At the individual level, however, we found that a significant subset of participants (4 out of
27, binomial test with p=0.01 uncorrected in NT) exhibited significant correlation between the
proportion of opt-out choice and mood: two subjects opted out significantly less in sessions
where they reported better mood, while two other subjects opted out significantly less
(Figure 5B top-left panel). This result could indicate a subject-specific relationship between
mood state and the level of confidence. This pattern was not found in the OT (no significant
correlation in any participant).
We further investigated whether self-confidence and mood states could be coupled but with
a certain delay by computing the cross-correlation between the proportion of opt-out
responses and the different self-report measures. The cross-correlograms were all flat
(Figure 5C), indicating an absence of coupling at the population level between emotional
states and self-confidence proxies.
16
17
Figure 5. Lack of robust correlation between self-reports & psychometric variables
(Numerosity task group). A. Mean of correlation coefficients between self-report and
psychometric variables (proportion of opt-out responses in DO stage, proportion of opt-out
responses in SO stage, mean accuracy in non-optout trials, mean reaction time in correct
non-optout responses, overconfidence in DO stage, overconfidence in SO stage, risk
aversion), averaged across participants (* p < 0.05 uncorrected). B. Distribution of Pearson
coefficients of correlation between the proportion of opt-out responses (deterministic:
red/upright histogram; stochastic: blue/inverted histogram) and each self-report along
sessions. Filled bars indicate subjects with significant correlation (p < 0.05) at individual
level. C. Cross-correlation coefficients between both opt-out election types (DO in solid line
and SO in dashed line) and each self-report.
Discussion
In this longitudinal online study, we assessed for the first time whether daily fluctuations in
mood and related variables (stress, sleep, food enjoyment) are coupled to fluctuations in
meta-cognitive states (including self-confidence, response vigor, discrimination performance
and risk aversion). Participants directly reported their emotional states at the beginning of
each bi-daily sessions, while meta-cognitive states were inferred from the behavior in a
simple discrimination task with an opt-out option (Figure 1). First, we found a strong
correlation between the different mood-related variables, visible at the level of individual
participants (Figure 2). The different reports fluctuated rapidly, as the value of one session
correlated significantly with the value half-a-day later but not one-day later (except for food
enjoyment). Second, the proportion of opt-out responses and the average reaction times on
non-optout trials provided solid markers of the confidence of the participant in a particular
session (Figure 3). We also derived participant overconfidence in a normative setting based
on the signal detection theory framework (Figure 4). Self-confidence fluctuated at a slow
time scales, with auto-correlations of the time series with a lag up to two-and-a-half days.

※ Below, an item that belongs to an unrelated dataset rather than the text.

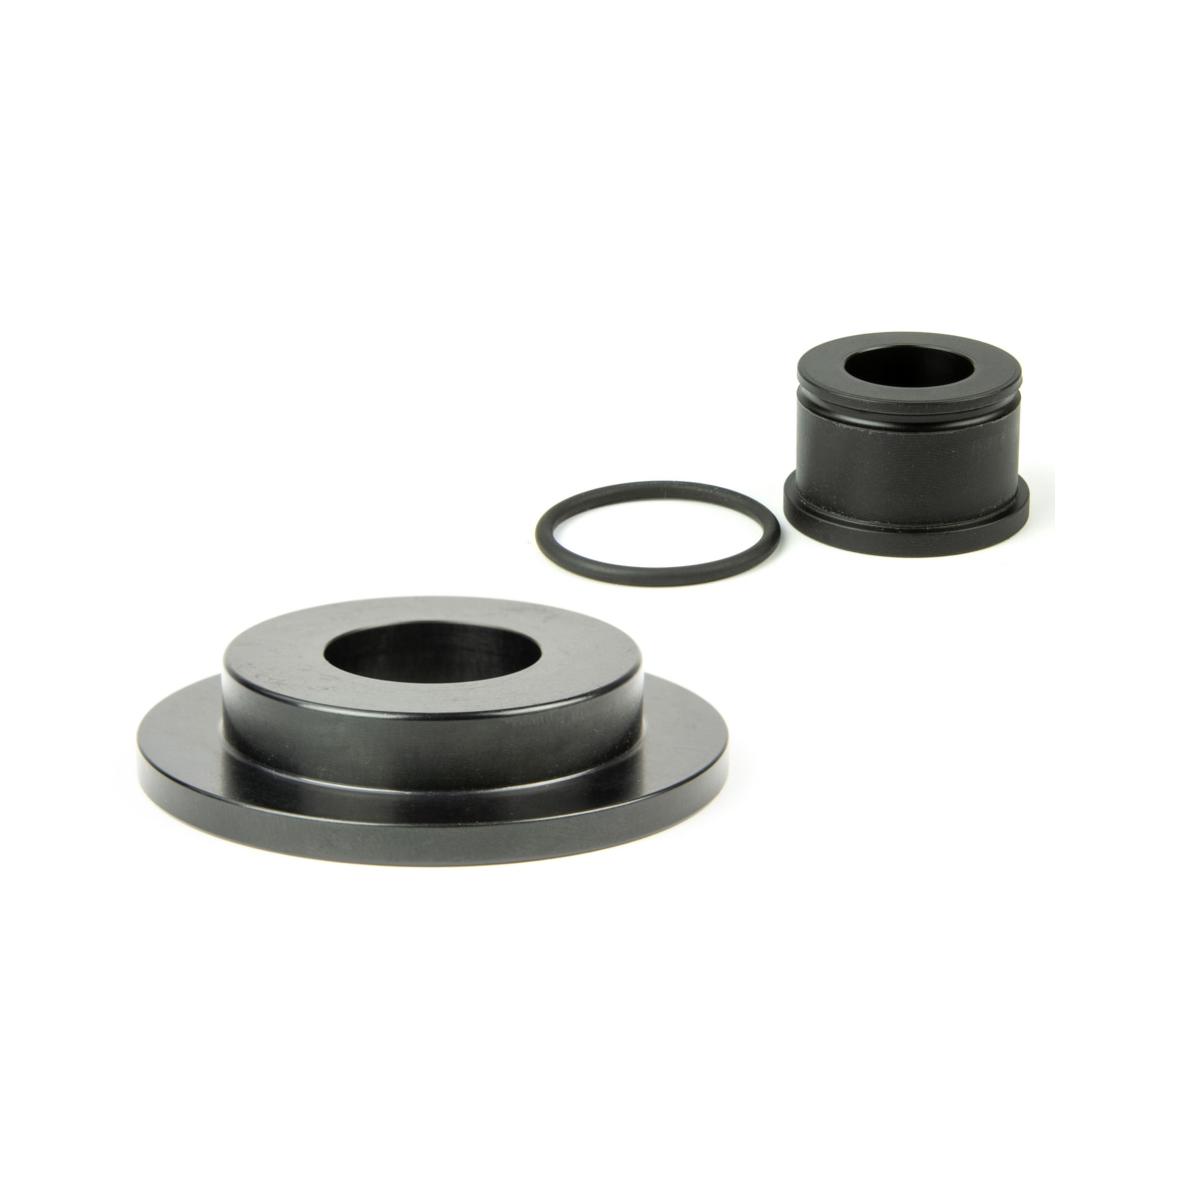 Bump Spring Components

Finally, none of the mood-related variables correlated significantly with any metacognitive
variable in the same session at the population level (Figure 5). In particular, mood did not
appear to correlate with self-confidence. An exploratory analysis revealed however that the
correlation between mood and the proportion of opt-out responses was found at the
individual level in a significant fraction of participants in the NT. Overall, our results suggest
that mood-related states and metacognitive states fluctuate independently in the healthy
adult, with slower fluctuations for self-confidence than for the mood-related variables.
Our results related to the discrimination task follows a long tradition on measuring implicit
markers of meta-cognitive states (including confidence) from behavioral measures.
Confidence that humans have in decision-making tasks is often measured by asking them to
explicitly report their confidence in a decision or series of decisions (Martino et al., 2013;
Schustek et al., 2019). However, these reports have some drawbacks: they are not intuitive,
participants may feel little motivation to report accurately their confidence level, and they can
be contaminated by learning processes (Solovey et al., 2016). Importantly, emotional states
and mood in particular may interfere with the process of explicitly reporting a confidence
measure. Here, we used an implicit measure of confidence in order to test core relationships
between confidence and mood states without potential contamination by the reporting
process. Implicit markers of confidence rely on an economic paradigm where confidence is
18
linked to the willingness to bet on their own choice and the magnitude of the bet (Grimaldi et
al., 2015; Insabato et al., 2016; Sanders et al., 2016). Here, we used an opt-out mechanism
where in a portion of trials participants could, instead of reporting the stimulus category,
secure a fixed number of points (DO stage) or bet on a lottery (SO stage). Such opt-out or
wagering scheme has been used in a large range of setting, from perceptual discrimination
in non-human primates (Kiani & Shadlen, 2009), rodents (Kepecs et al., 2008) and humans
(García-Pérez & Alcalá-Quintana, 2017) to movie selection in adults (Bhatia & Mullett, 2016)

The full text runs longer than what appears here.